Electric (and magnetic) field lines are just a visual (or mathematical) construct to visualize fields. The density of field lines at a point indicates the strength of the field and the direction of the field lines at that point gives the direction of the field.

We define flux as the rate of flow of some quantity per unit area. In the case of electric fields, we define electric flux as the amount of electric field (or field lines) going through a unit area. In the case of magnetic fields, we define magnetic flux as the amount of magnetic field (or field lines) passing through a unit area.

Mathematically, they can be stated as follows:

$$\Phi_E = \oint \vec{E}.d\vec{s}$$

$$\Phi_B = \oint \vec{B}.d\vec{s}$$


Coulomb's law

$$\vec{F} = \frac{1}{4\pi \epsilon} \frac{q_1q_2}{r^2} {\hat{r}}$$

where $\epsilon$ is the permittivity of the medium.
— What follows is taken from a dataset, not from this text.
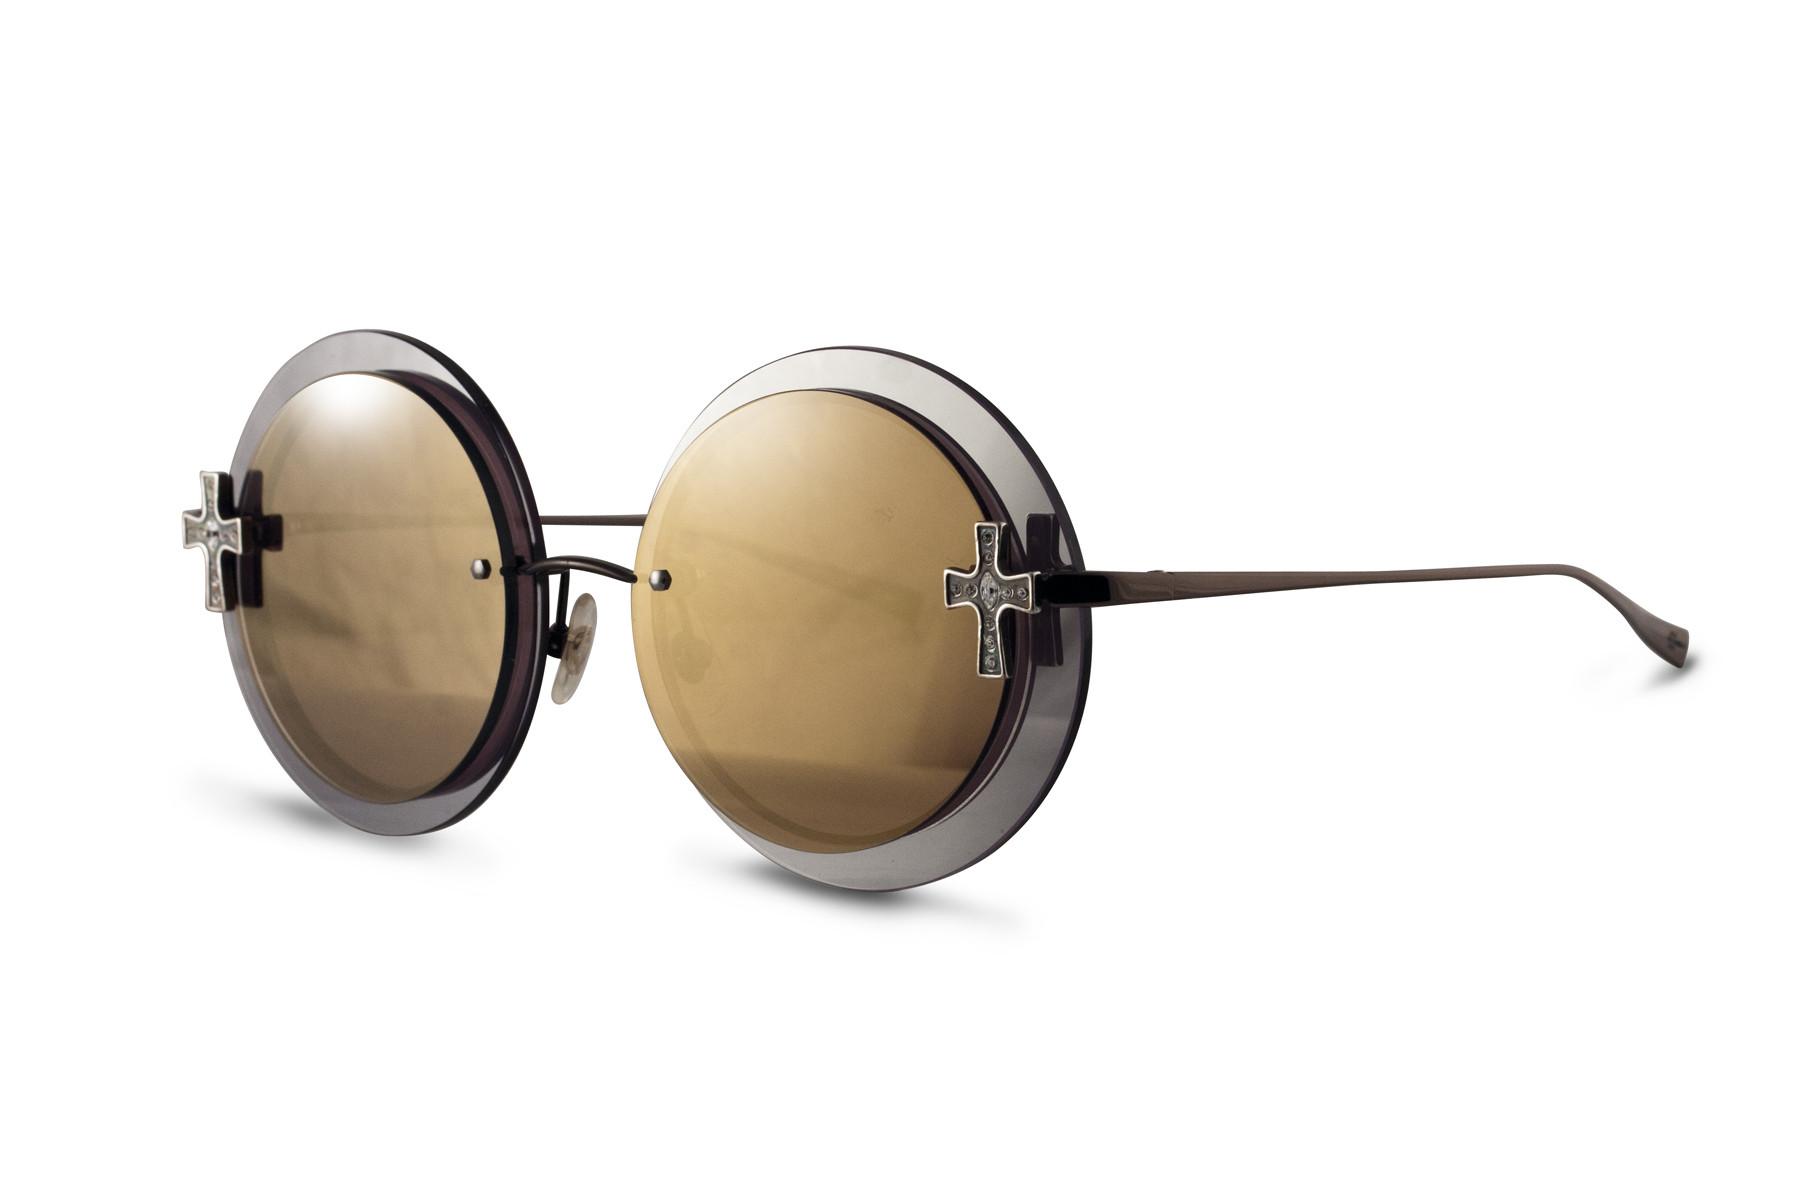 Loree rodkin scarlet sunglasses for Decor my eyes

For vacuum, $\epsilon$ is equal to $\epsilon_0$. Generally, we use the dielectric constant ($\epsilon_r$) to describe a medium's electric properties instead of its permittivity. The dielectric constant is defined as follows:

$$\epsilon_r = \frac{\epsilon}{\epsilon_0} \tag{1}$$

From the above facts, we can conclude that the force between two charges placed inside a dielectric depends on the permittivity of the dielectric.

Calculating the force due to two charges placed inside a dielectric is easy. However, calculating the force between two charges where the line of action is blocked by a dielectric is not that straight forward. Refer to John Rennie's answer to What is the force between two charged objects when the space between them is partially filled by a dielectric medium? to understand how the electric field is affected by dielectrics placed in the line of action (the line joining two charges).


Gauss' Law

$$\nabla.E = \frac{\rho}{\epsilon}$$

$$or$$

$$\Phi_E = \frac{q}{\epsilon}$$

where $\epsilon$ is the permittivity of the material.

The Gauss' Law is a restatement of Coulomb's law. It is no surprise that Gauss' law has the material's permittivity because Coulomb's law is having it. We'll try to derive Coulomb's law from Gauss' law to improve our intuition.

Consider a spherical Gaussian surface of radius $r$ with charge $q$ placed at its center. The electric field due to the charge goes radially outwards on the surface of the sphere and is equal in magnitude at all points on the sphere (points on the sphere are equidistant from the charge; by symmetry, they must be equal in magnitude).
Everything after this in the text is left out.